Viral shmooze: Superbowl smooch, sheer scrutiny in Israel

JTA REPORT

The focus was supposed to be on the new parliament members when Israel’s 19th Knesset was sworn in on Tuesday. Instead the buzz was about Sara Netanyahu, the wife of the prime minister, who showed up wearing a sheer lace dress that didn’t leave enough to the imagination. Pundits and fashion critics were quick to pounce, skewering both the first lady’s fashion instincts and her sense of propriety. But some smelled sexism in the air, noting that male politicians are rarely subject to that kind of sartorial scrutiny — though that almost surely would change if a guy showed up wearing Mrs. Netanyahu’s dress.

Here’s a prime example of an illegitimate parking violation: Hila Ben Baruch parked her car on a Tel Aviv street, city workers showed up and drew an outline of a handicapped parking spot around her car — then they towed the car. Fortunately for Ben Baruch, the episode was caught on video. The city apologized.

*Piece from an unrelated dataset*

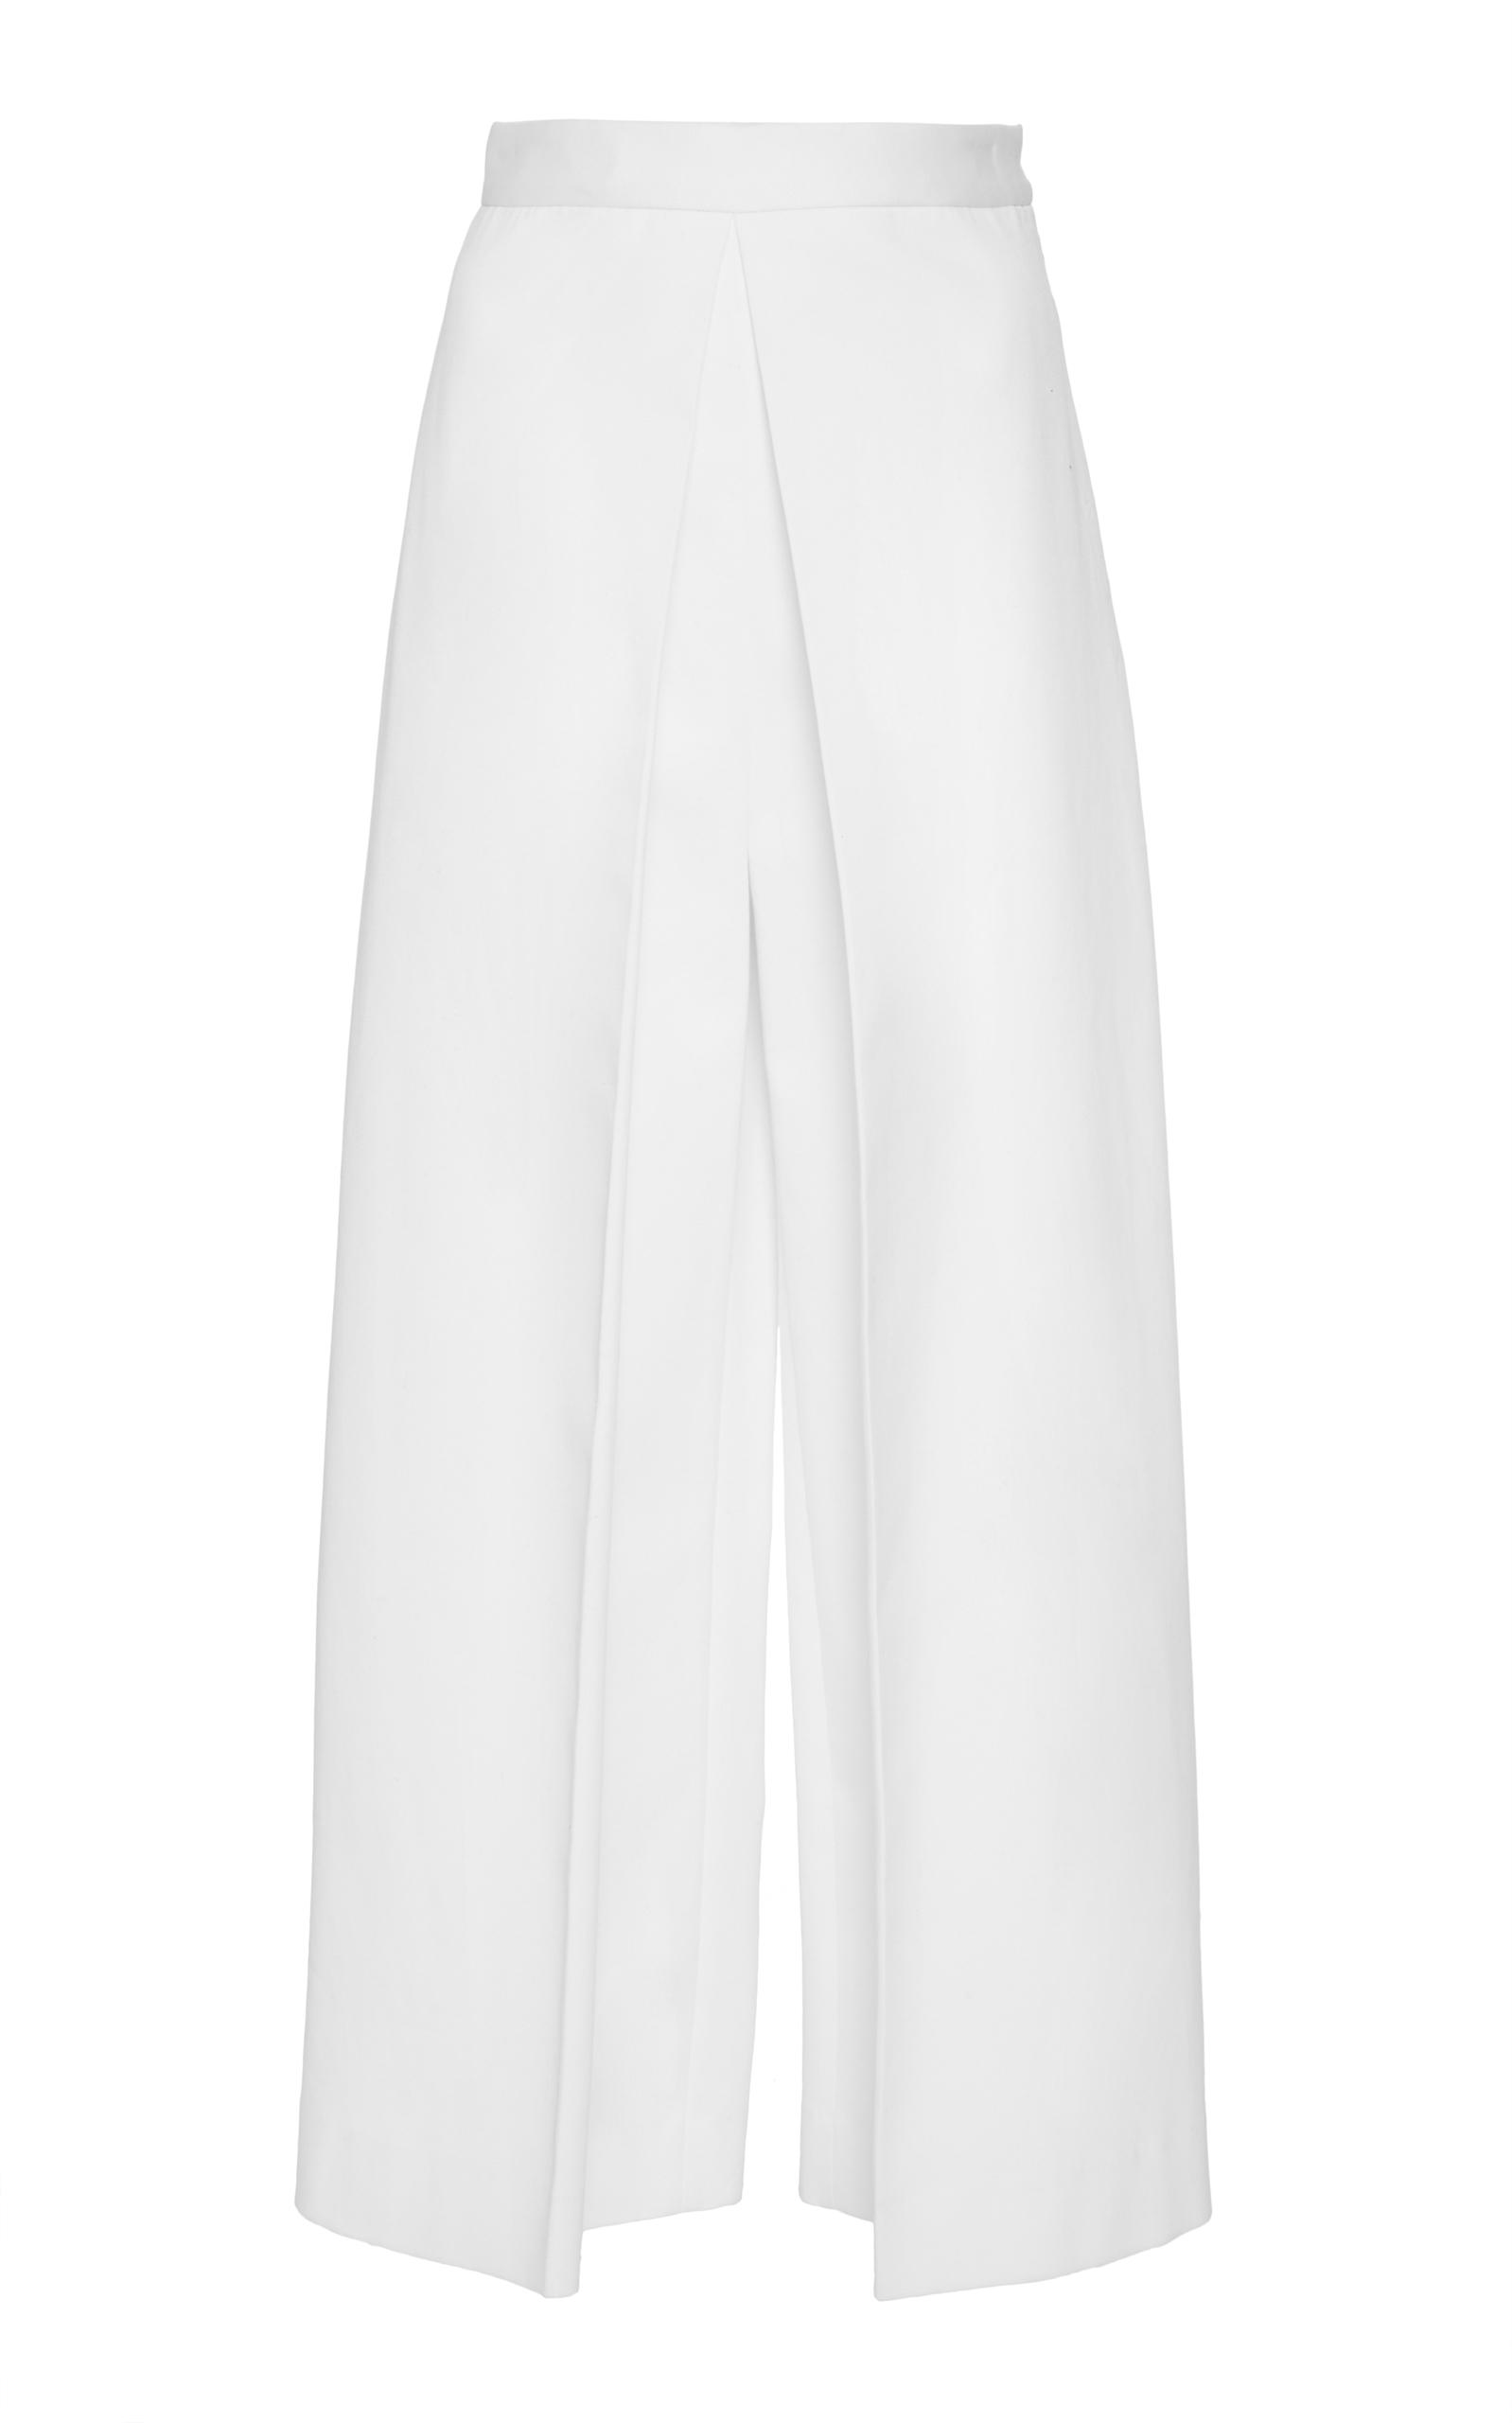 ROSETTA GETTY Pleat-Front Stretch-Ottoman Culottes in White
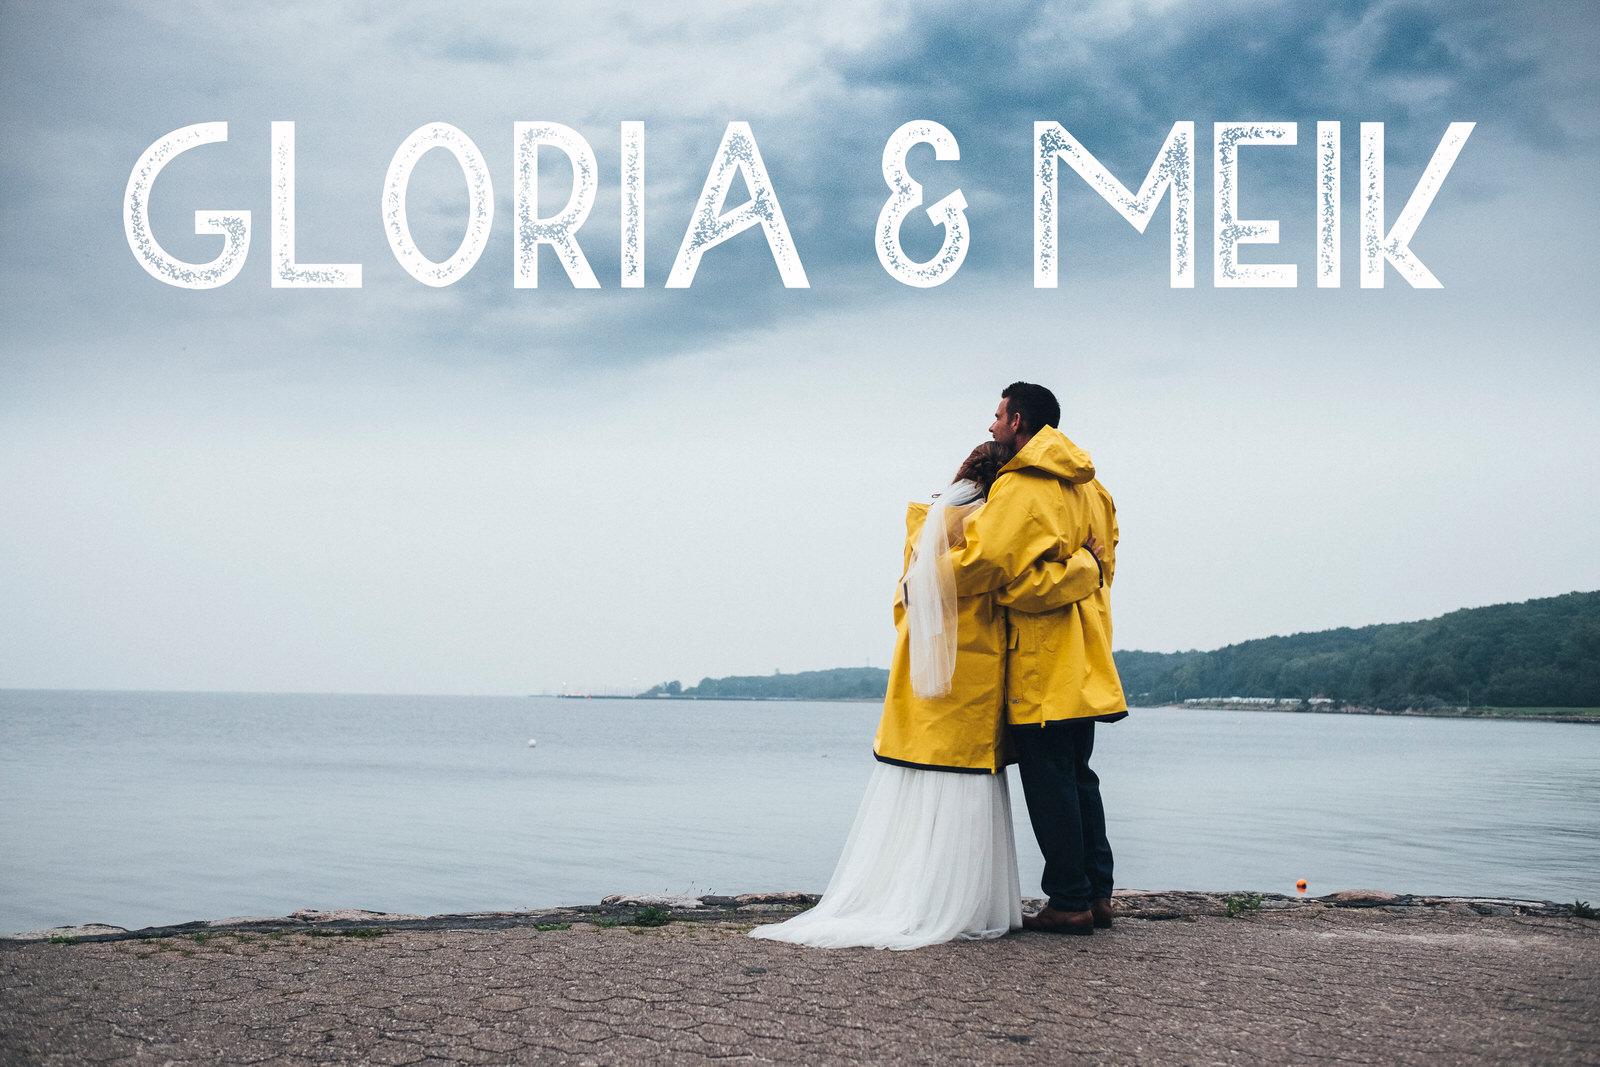 Click image to view this rainy wedding!

Bruce Wexler, a Yale University psychiatry professor, tried to apply the scientific method to a political issue with his three-year academic study of Palestinian and Israeli textbooks. When he found vice and virtue on both sides and commended Israelis and Palestinians for not demonizing one another, Wexler undercut one of the central elements of the official Israeli narrative that holds Palestinians are educating their children to hate. Israeli government officials immediately went on the attack, accusing Wexler and his team of bias and calling them “unprofessional.” The Palestinians welcomed the report. Wexler called the reaction to his work “shocking.”